YOUR GOAL >> Could you give back exactly the lines below from the one with "EL SECRETO, MEDITACION" through the one with "Sunset on the", without a single picture?

DATA SHOWN >>
• • • • • • •
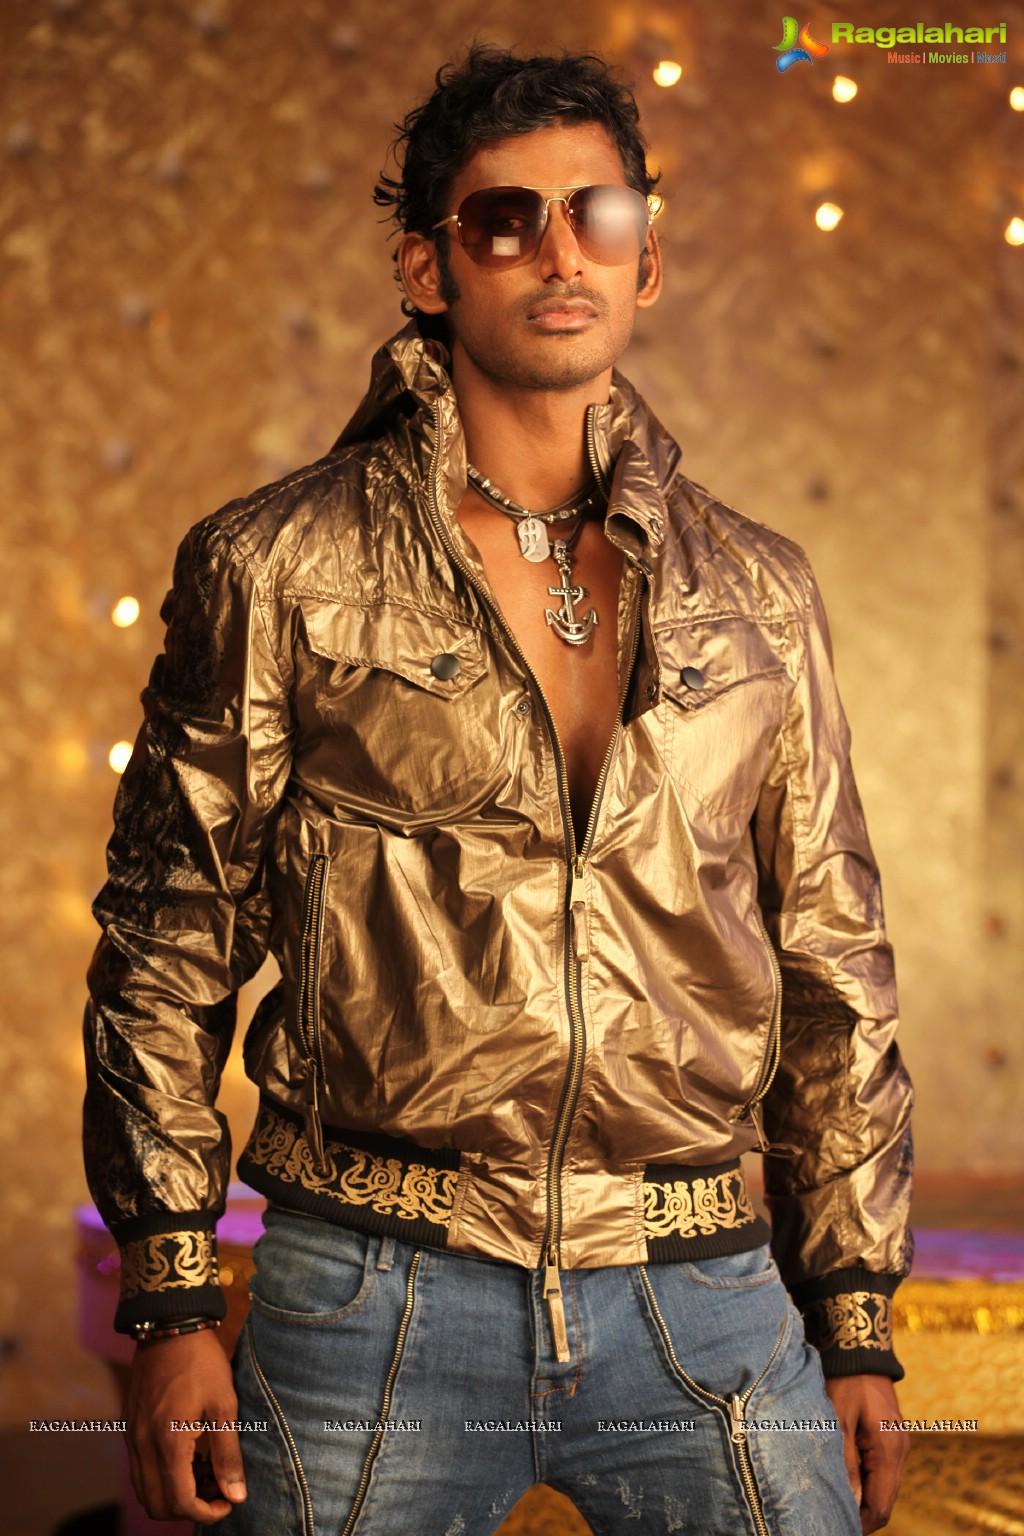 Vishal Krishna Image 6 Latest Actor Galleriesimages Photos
• • • • • • •
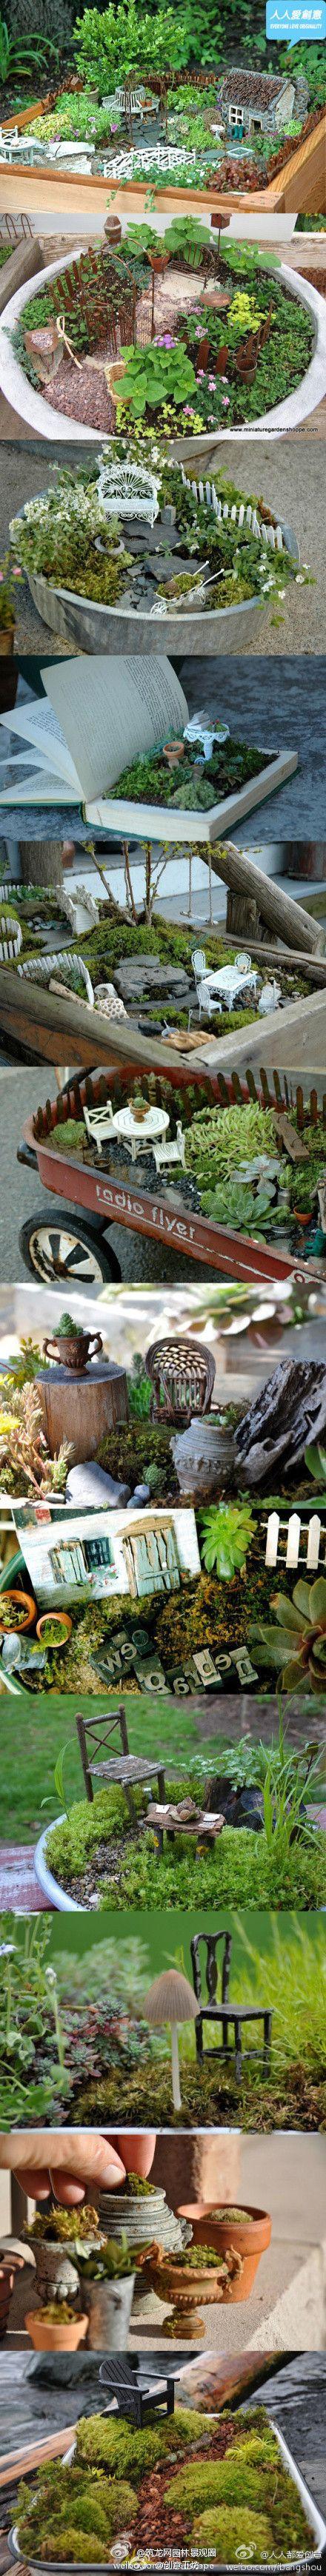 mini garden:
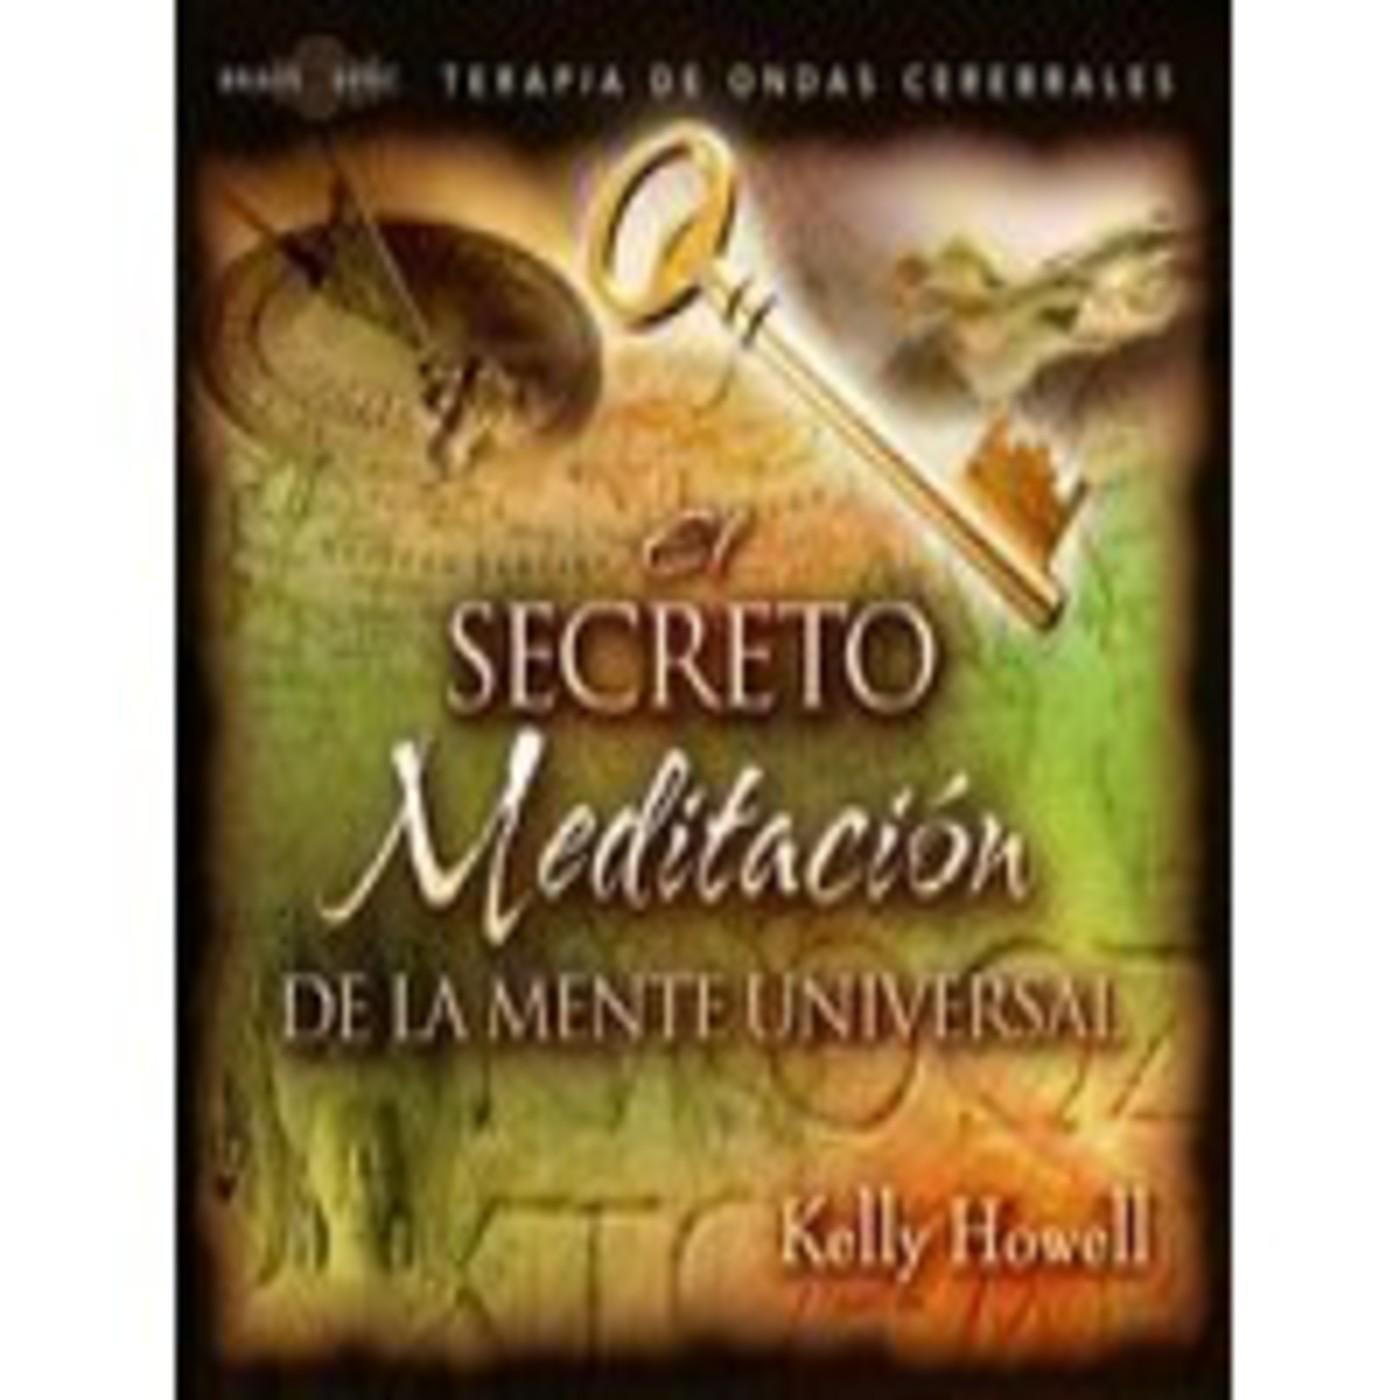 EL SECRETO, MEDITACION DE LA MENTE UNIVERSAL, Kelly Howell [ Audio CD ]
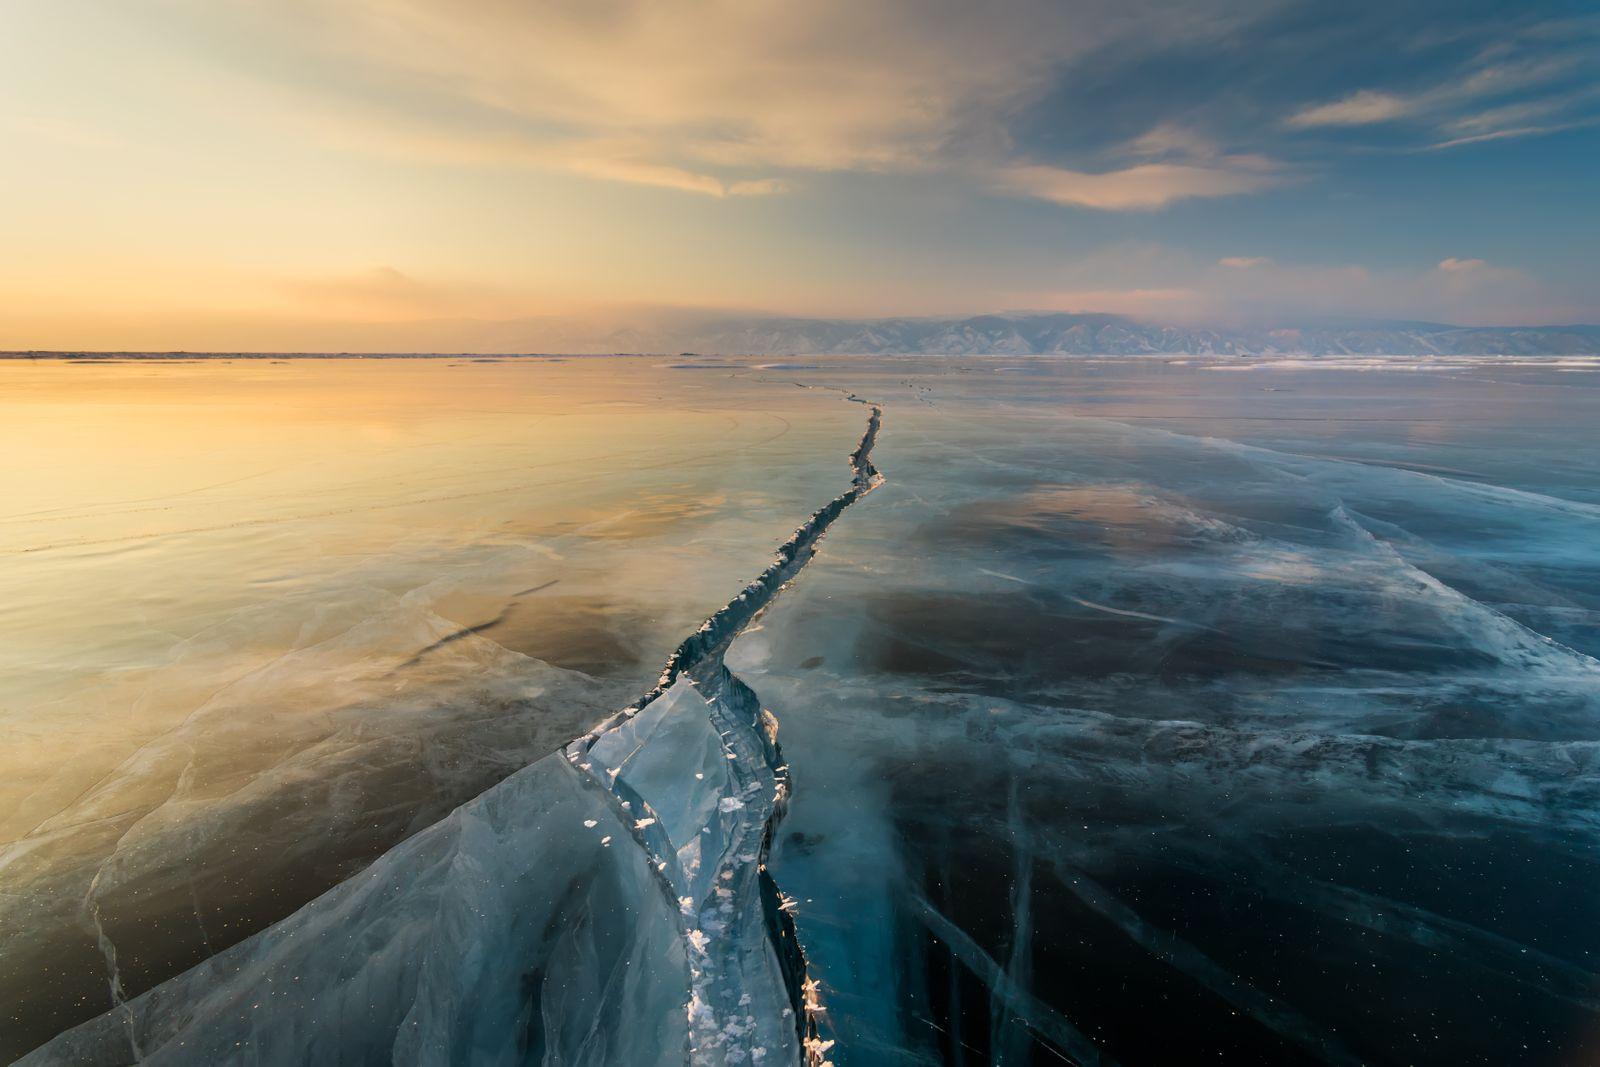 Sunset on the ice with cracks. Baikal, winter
• • • • • • •
EXERCISE RESPONSE >>
 EL SECRETO, MEDITACION DE LA MENTE UNIVERSAL, Kelly Howell [ Audio CD ]
 Sunset on the ice with cracks. Baikal, winter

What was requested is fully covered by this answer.